Et je crois que la face du monde, du moins le mien, change à cet instant même. Ses yeux. La pureté d’une émeraude, avec cette expression si singulière au fond. Non pas de peur, elle ne le craint pas. Elle ne craint ni lui, ni la mort. Elle a déjà dû la voir en face… comme moi. Quelque chose me raccorde à elle, quelque chose d’indéfinissable, un lien en filigrane que je ne saurais couper.
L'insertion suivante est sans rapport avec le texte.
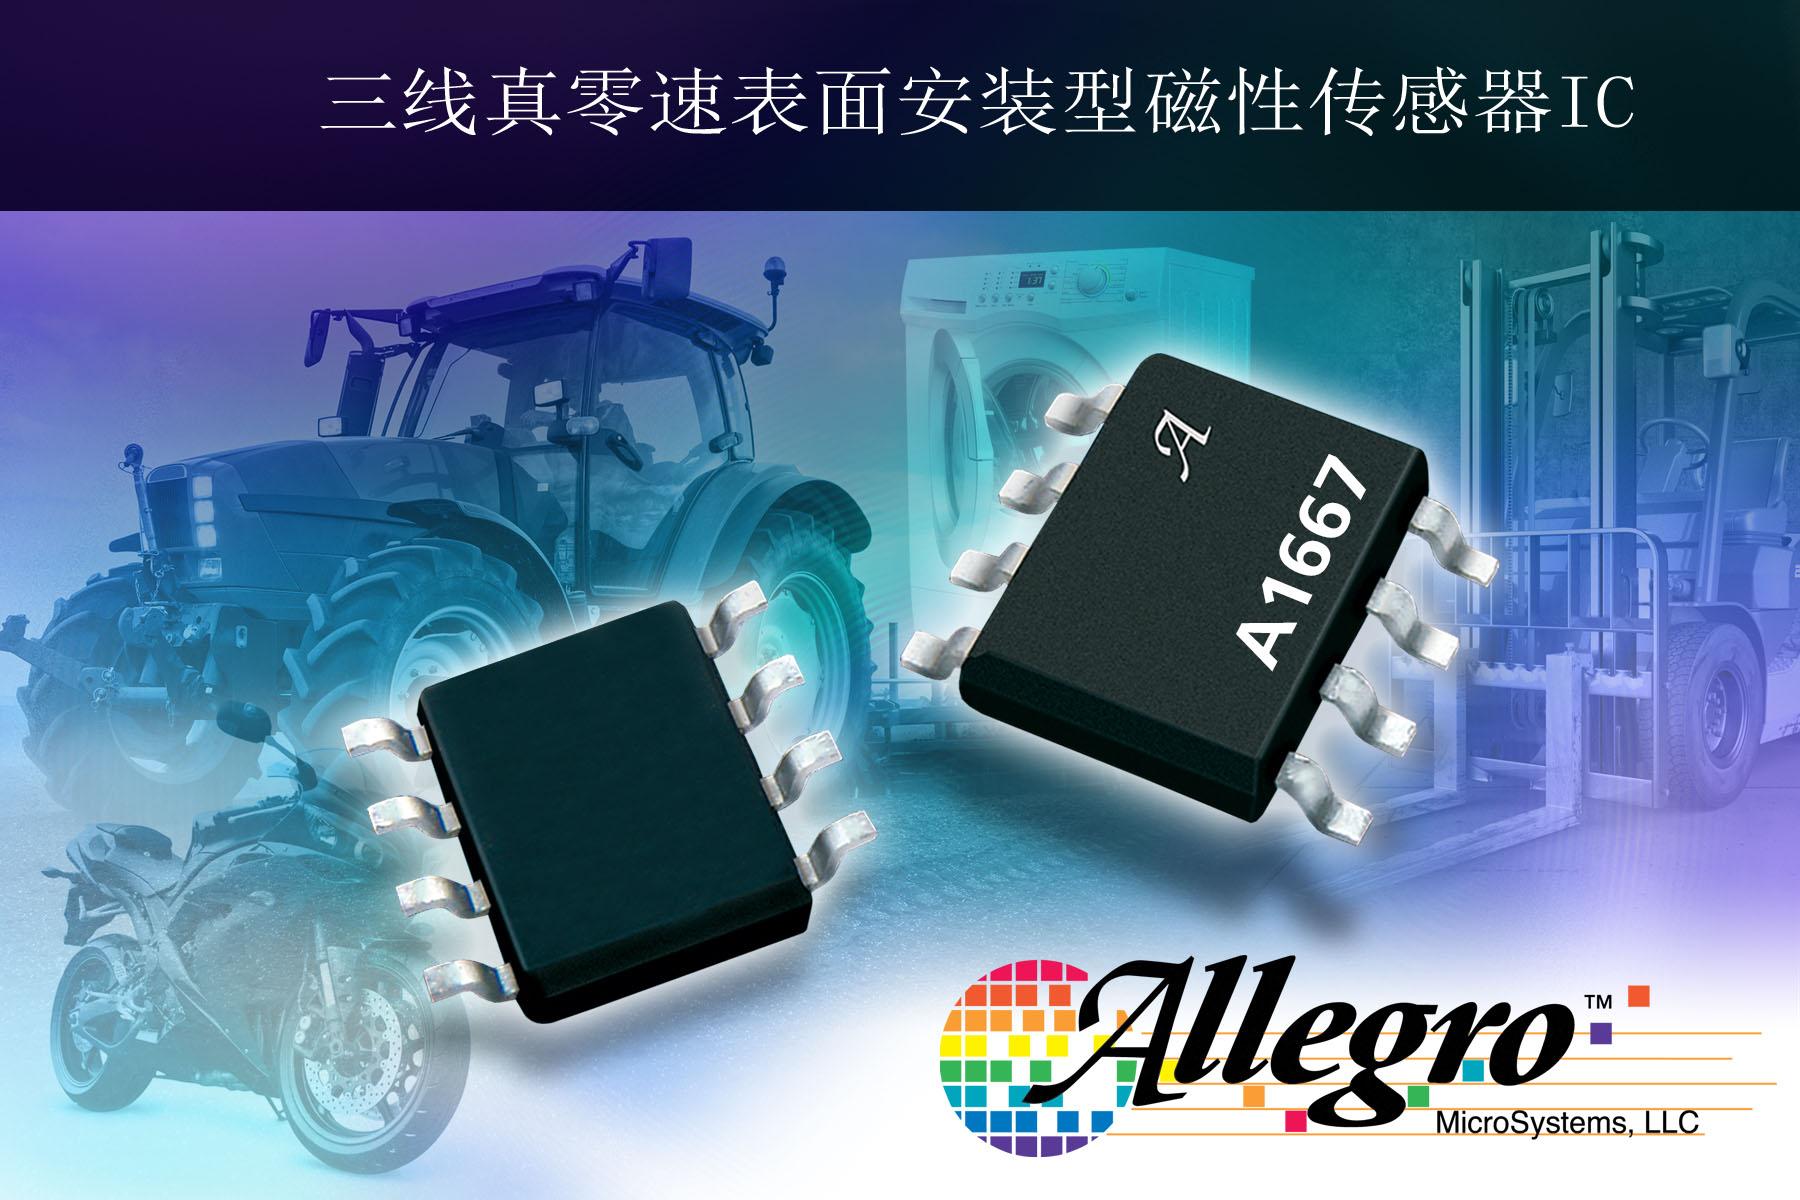 Allegro MicroSystems, LLC发布全新三线真零速磁性速度传感器IC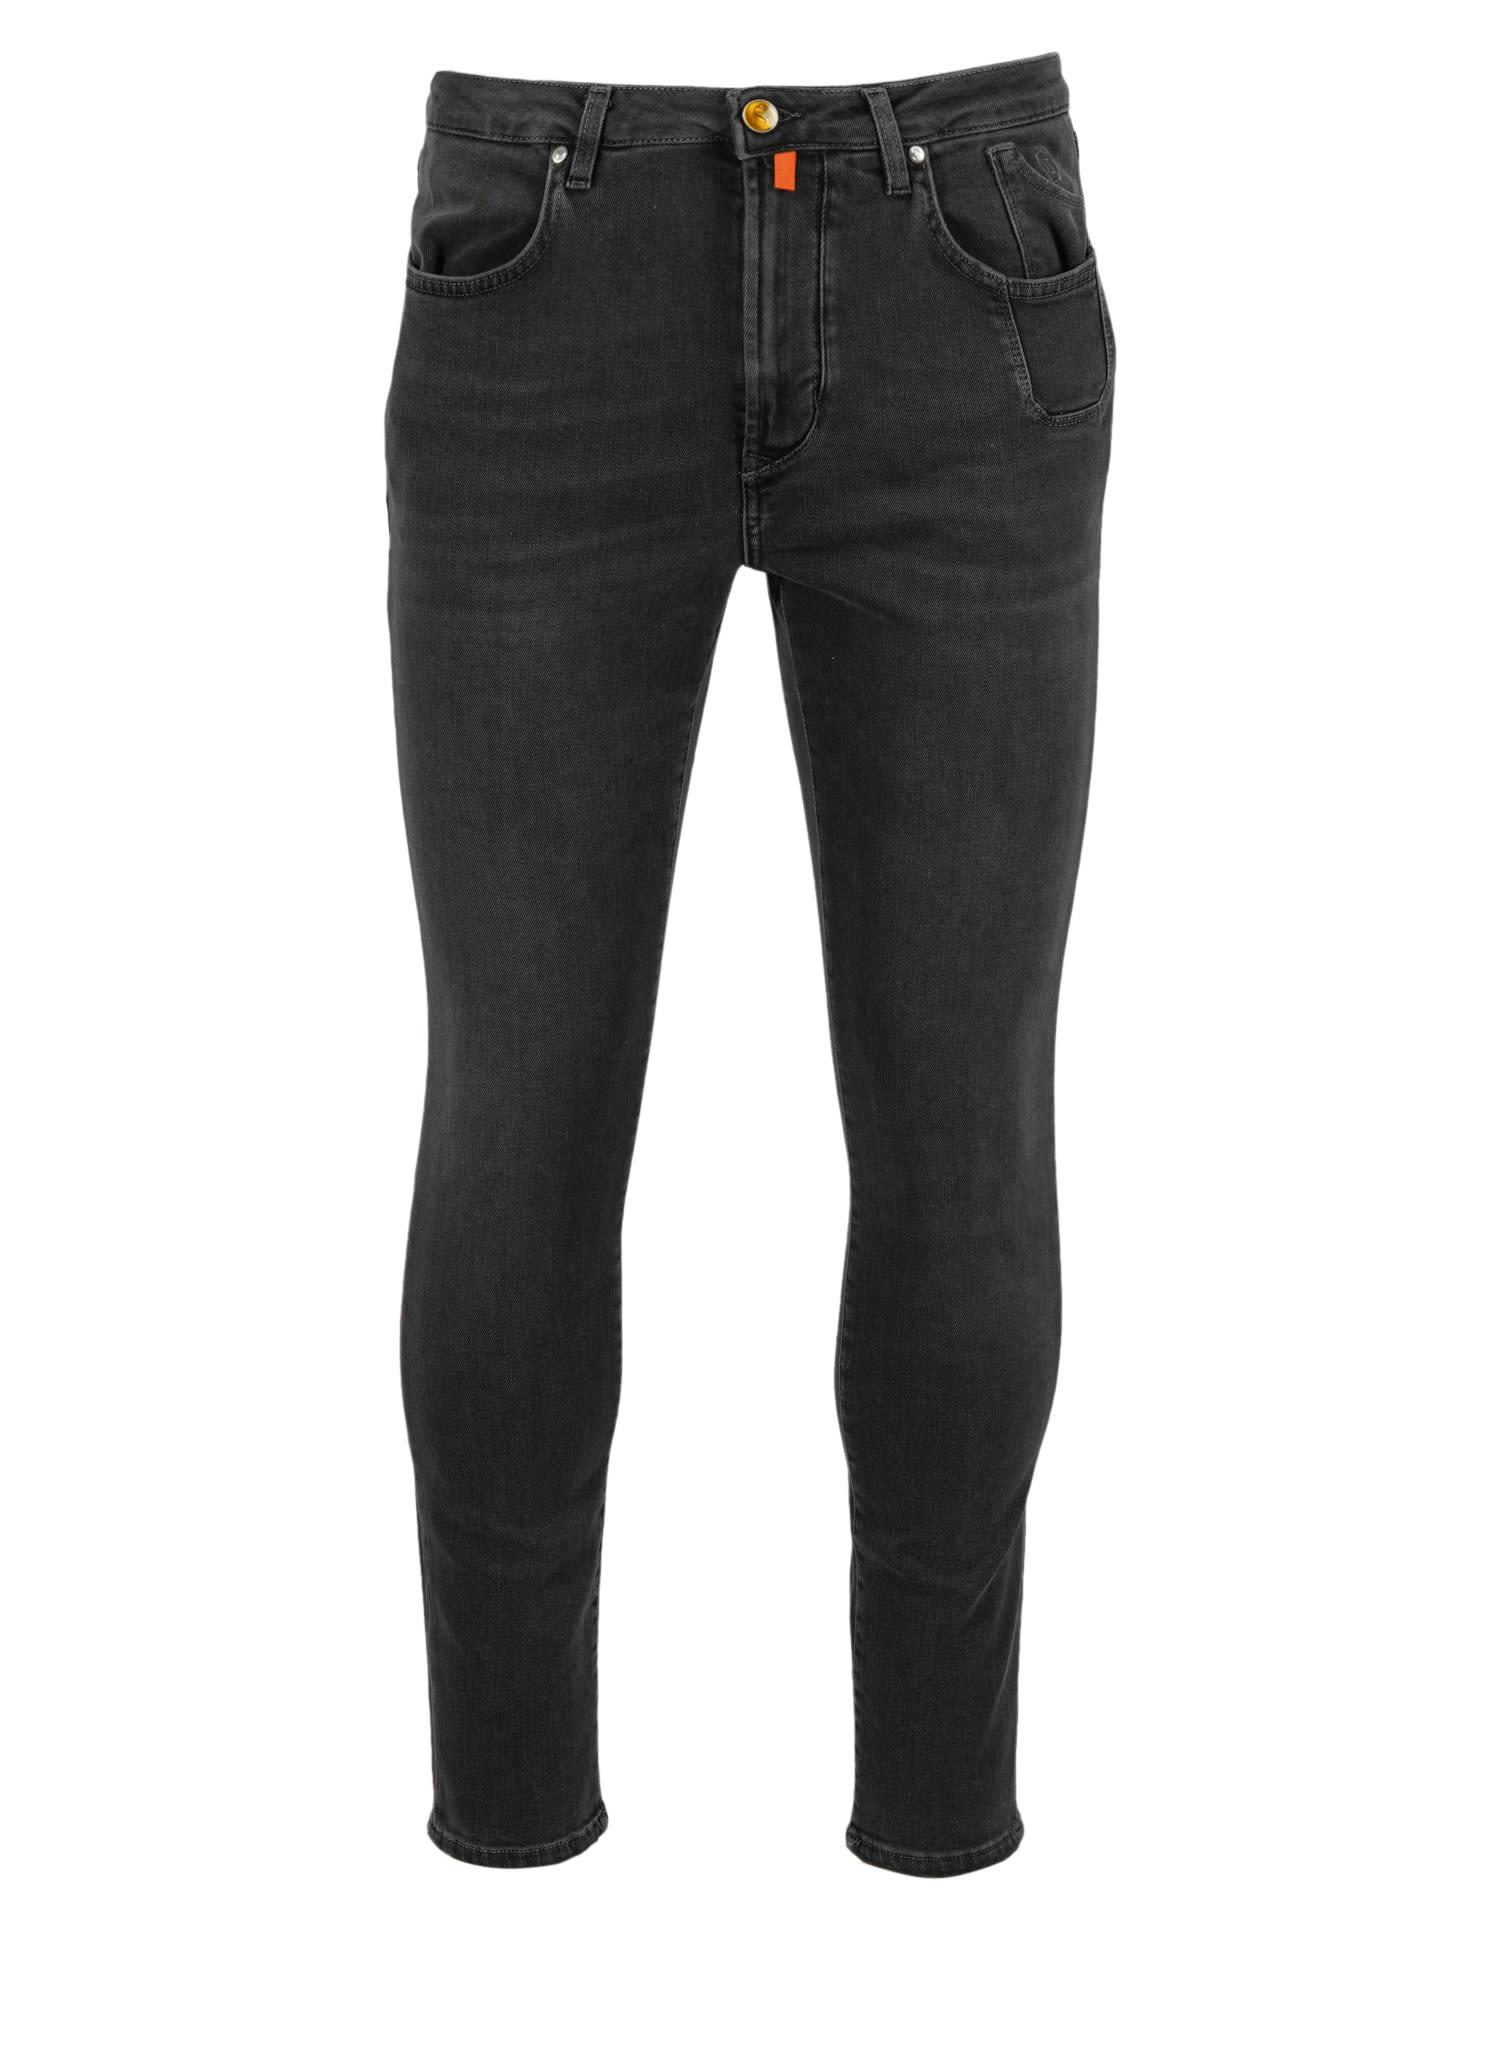 Pantal. Uomo Con Intarsio Jeans

J’ai besoin de comprendre, je ne peux pas perdre ce truc sans savoir ce que c’est.
Couteau tiré, je fonds sur le molosse ; aucun d’entre eux ne me voit arriver, tous deux pris dans le feu de l’action. Il me suffit d’un coup sec pour le neutraliser, un vrai jeu d’enfant. Quant à elle, choquée, je dois la mettre à l’abri. Je saisis alors sa main pour l’entraîner dans ma cachette, avec la promesse de revenir la chercher.
Stevens.
J’ai retenu le nom inscrit sur son chemisier pour le graver dans ma mémoire.
Je reste un long moment à attendre sur le toit. Encore un peu de patience, le temps que le port reprenne son habituelle quiétude, et je pourrai tirer les choses au clair avec elle. Je dois aussi m’assurer qu’elle n’a pu distinguer mon visage : je me suis comporté comme un débutant sur ce coup-là.
Mais les sirènes des voitures de police douchent mes espoirs d’une croustillante confrontation. Et j’ai un haut-le-cœur quand, du haut de ma planque, je vois Clifford la délivrer, et Eduardo se jeter sur elle pour l’embrasser à pleine bouche.
Claire Stevens. La fiancée de mon frère.
 
Chapitre 2
Los Angeles, Silverlake – 20 mars 2016
 
Antonio
 
J’ai fini par m’endormir une heure ou deux, je ne sais par quel miracle. Dans son appartement. Sur ce canapé. Sa tête sur mes genoux.
Joder 3  !
Les pensées lubriques qui ont pollué mon esprit toute la nuit auraient pu faire rougir la plus grande des stars porno. Qui aurait cru qu’après l’avoir enfermée dans un container, je me retrouverais plus tard sur son sofa, la serrant contre moi jusqu’au petit matin ? Clairement, le destin se fout de ma gueule. Et me laisse me démerder, le cerveau en ébullition et le fute prêt à exploser.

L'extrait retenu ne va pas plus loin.